Engagement Party Guide: The Dos and Don'ts of This Pre-Wedding Event

Plan the perfect post-proposal celebration with these expert-approved ideas and tips.

backyard engagement party
Photo:

Troy Grover

Celebrate your engagement with your closest friends and family, a bevy of personalized, seasonal elements (from beverage napkins to recipes), and an intimate and relaxed atmosphere. We asked the pros to share everything couples need to know about this pre-wedding party, so you can kick off your engagement with a thoughtful guest list, unique menu, and other must-have details.

Engagement Party "Dos"

Engagement parties allow for nearly endless customization. Fill your day with personal touches on the menu, favors, venue, and entertainment, and remember to hire a photographer to catch every detail and every guest. "It's a great opportunity to get fabulous pictures," says Lynn Easton, owner of Easton Events.

Do: Keep the Guest List Small

While it's natural to want to celebrate your engagement with everyone you know, think twice before inviting all of your coworkers, neighbors, and acquaintances. "Only invite guests who will also be invited to the wedding," says Amy Nichols, owner of Amy Nichols Special Events. "Everyone who is invited to the engagement party absolutely must be invited to the wedding. The only exceptions to this rule would be very small weddings (under 50 people) or a destination wedding in a very far-flung location."
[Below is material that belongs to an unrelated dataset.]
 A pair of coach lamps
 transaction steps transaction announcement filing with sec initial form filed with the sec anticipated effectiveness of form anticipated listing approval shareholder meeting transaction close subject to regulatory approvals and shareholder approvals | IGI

Do: Highlight Your History

Your engagement party is a sweet time to share the story of your relationship, up to and including the proposal. Jennifer Zabinski of JZ Events recommends incorporating details of your first meeting, past travels, and favorite hobbies into a photo album you can use as a guest book, or printing beverage napkins with the date, location, or wording of your proposal. (If you had a videographer or professional photographer on site during the engagement, share the results with your engagement party guests.)

Do: Create Contrast

If you have an idea of the venue, menu, and atmosphere you want for your wedding, design an engagement party that offers a subtle contrast: To complement a formal, five-course wedding celebration, consider a more casual barbecue or food truck for your engagement party. "Make this a fun cocktail/food station event so guests can mingle and not be stuck at a table," says Eyal Tessler of Tessler Events.

Brooke Keegan, owner of Brooke Keegan Special Events, also recommends sourcing a unique spot for your party: "Pick a location that is very different from your wedding venue," she says. Instead of the country club, rent out your favorite bar; instead of a beachfront hotel, set up an at-home brunch.

Do: Get Creative With the Menu

The smaller, more laid-back atmosphere that's common at engagement parties also allows you to create a playful menu. One idea: "Serve your favorite foods as 'his,' 'hers,' and 'ours' style," says Carla Ruben, owner and creative director of Creative Edge Parties. "It's a yummy conversation piece."

You can also customize your meal by requesting foods that are family favorites or cultural icons: think your grandmother's cheesecake or your dad's famous Italian meatballs. "Embrace your different backgrounds and showcase the origins of where your families come from," says Kristin Banta of Kristin Banta Events. "Just don't serve the same food you intend to serve at the wedding."

sam jack welcome party small tables outdoor garden
Jana Williams

Engagement Party "Don'ts"

Though engagement parties are flexible and easy to personalize, you should avoid a few traps, say the experts.

Don't: Rush Into It

Unless your engagement party is a surprise get-together planned for the moments immediately after the proposal, give yourself a few weeks—or even months—before planning a big celebration. "Don't hold your party too soon after the proposal," says Zabinski. "Instead of diving into party-planning mode right away, take some time to enjoy your newly engaged status, as the upcoming months may be a bit hectic!"

Don't: Break the Bank

The smaller guest list of an engagement party might inspire you to go overboard on details, but saving some of your most creative (and complicated) ideas for the wedding allows you to relax and enjoy the moment. "Don't make this the wedding!" says Tessler. "Keep it intimate, less formal, and fun!"

It also allows you to keep your budget in check, so you can focus your finances on the wedding itself. "Be careful not to spend too much time or too many resources," says Easton. "Your engagement party is the first event of many to come."

Don't: Expect Gifts

Engagement gifts are a recent trend, so while many guests may bring one, it's not required. "Historically, guests didn't bring gifts to an engagement party, as they were generally reserved for very close friends and family," says Nichols. "However, as engagement parties have grown in popularity, more and more people are bringing gifts. You can also ask the party's host to write 'No Gifts' on the invitation if you feel strongly about your guests not bringing you a little something."

Don't: Take the Nos Personally

If some of your nearest and dearest can't make it to your engagement party, accept their regrets politely, says Keegan; remember, you'll have plenty of moments to celebrate together before the wedding. "Don't be upset if some of your guests are unable to attend," she says. "It's more important if everyone you care about is at the main event."